Viewing 3 replies - 1 through 3 (of 3 total)
  • Hint: Take a look at the output of:
    SELECT * FROM wp_options WHERE option_name = 'cron'\G

    If you’re issue is anything like ours, you probably have tens of thousands of dsq_sync_forum cron jobs schedule – one triggered every page hit, 5 minutes from when it was hit. At some point, you won’t be able to clear the jobs quickly enough, and your website will be brought to its knees.

    Maybe try this patch (which I’m currently in the process of testing):

    Index: disqus.php
    ===================================================================
    --- disqus.php	(revision 1214695)
    +++ disqus.php	(working copy)
    @@ -511,7 +511,9 @@
                         }
                     } else {
                         $ts = time() + 300;
    -                    wp_schedule_single_event($ts, 'dsq_sync_forum');
    +                    if (!wp_next_scheduled('dsq_sync_forum')) {
    +                        wp_schedule_event($ts, 'hourly', 'dsq_sync_forum');
    +                    }
                         die('// sync scheduled');
                     }
                 break;

    That should slow down the Disqus syncs to one per hour max, which I imagine is more than enough.

    Having this issue as well, How did the patch work out?

    The Disqus devs wouldn’t accept a PR because they don’t want everyone running low traffic websites to have their blog hit the Disqus servers every hour if they didn’t even receive any hits.

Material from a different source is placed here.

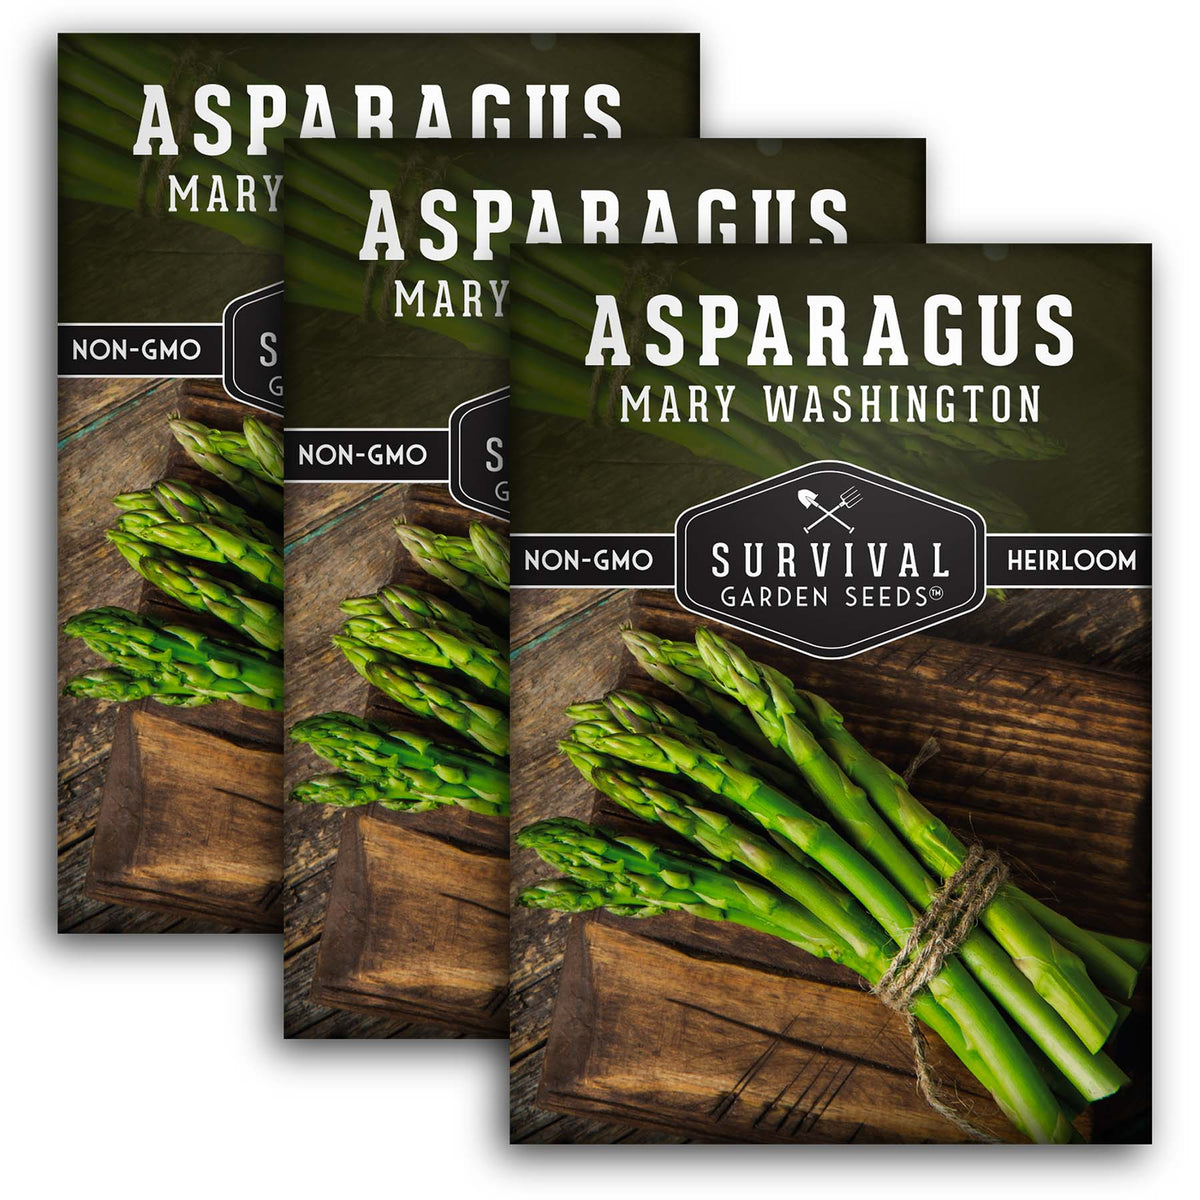 Mary Washington Asparagus Seed

That’s a fair point, but it sucks for high-traffic websites that are getting destroyed in the meantime (and probably hurting the Disqus servers more overall anyway). I’m quite amazed they haven’t addressed the issue themselves by now, given they now know their plugin is causing big issues for people using it.

    Having said that, I don’t think the above approach was completely reliable. I think this may have been related to a conflict somewhere with W3 Total Cache, but didn’t spend more time than necessary investigating.

    In the end, I commented out the entire sync_comments case statement section from disqus.php, and modified scripts/import-comments.php to write to syslog instead of stdout. I then call that import-comments.php script directly via a cron job on one (and only one) of our app servers. I also had to comment out the unused DummyWP_Object_Cache class from lib/wp-cli.php for this to work properly. This approach seems to be working quite well.